• [Raw data]:
=== Begin Enclosure ===

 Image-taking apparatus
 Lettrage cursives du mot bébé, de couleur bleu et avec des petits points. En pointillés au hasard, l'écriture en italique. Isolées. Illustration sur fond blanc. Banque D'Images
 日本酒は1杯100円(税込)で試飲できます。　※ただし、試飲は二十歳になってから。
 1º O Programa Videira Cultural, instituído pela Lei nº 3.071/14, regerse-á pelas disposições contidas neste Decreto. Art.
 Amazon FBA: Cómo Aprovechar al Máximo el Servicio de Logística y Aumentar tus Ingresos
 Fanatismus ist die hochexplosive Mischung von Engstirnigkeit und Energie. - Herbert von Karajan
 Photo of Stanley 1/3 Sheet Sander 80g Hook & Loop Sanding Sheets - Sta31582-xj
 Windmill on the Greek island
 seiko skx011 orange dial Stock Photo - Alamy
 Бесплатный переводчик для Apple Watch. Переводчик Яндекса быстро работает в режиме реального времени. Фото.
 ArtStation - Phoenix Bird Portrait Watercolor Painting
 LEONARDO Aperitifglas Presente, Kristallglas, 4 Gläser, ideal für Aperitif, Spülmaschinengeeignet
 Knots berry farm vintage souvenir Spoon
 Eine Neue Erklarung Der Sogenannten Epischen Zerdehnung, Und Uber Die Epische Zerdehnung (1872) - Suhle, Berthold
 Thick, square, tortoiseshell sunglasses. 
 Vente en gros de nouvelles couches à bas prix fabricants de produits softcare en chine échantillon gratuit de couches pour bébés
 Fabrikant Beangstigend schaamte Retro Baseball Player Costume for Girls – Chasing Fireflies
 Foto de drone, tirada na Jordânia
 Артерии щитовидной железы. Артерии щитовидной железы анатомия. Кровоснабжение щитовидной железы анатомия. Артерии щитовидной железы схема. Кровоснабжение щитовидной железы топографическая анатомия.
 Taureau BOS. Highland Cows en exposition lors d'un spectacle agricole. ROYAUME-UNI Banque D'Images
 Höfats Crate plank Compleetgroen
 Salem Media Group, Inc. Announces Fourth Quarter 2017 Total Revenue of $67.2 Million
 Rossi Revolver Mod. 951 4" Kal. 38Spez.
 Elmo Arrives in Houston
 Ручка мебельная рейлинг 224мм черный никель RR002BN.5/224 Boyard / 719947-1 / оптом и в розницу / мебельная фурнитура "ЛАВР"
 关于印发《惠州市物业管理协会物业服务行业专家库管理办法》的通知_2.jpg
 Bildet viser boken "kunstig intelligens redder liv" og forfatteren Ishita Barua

=== End Enclosure ===

• [Problem to solve]: Check each line above for the word "Images", and copy the lines where it appears.

• [Result of the task]:
 Lettrage cursives du mot bébé, de couleur bleu et avec des petits points. En pointillés au hasard, l'écriture en italique. Isolées. Illustration sur fond blanc. Banque D'Images
 Taureau BOS. Highland Cows en exposition lors d'un spectacle agricole. ROYAUME-UNI Banque D'Images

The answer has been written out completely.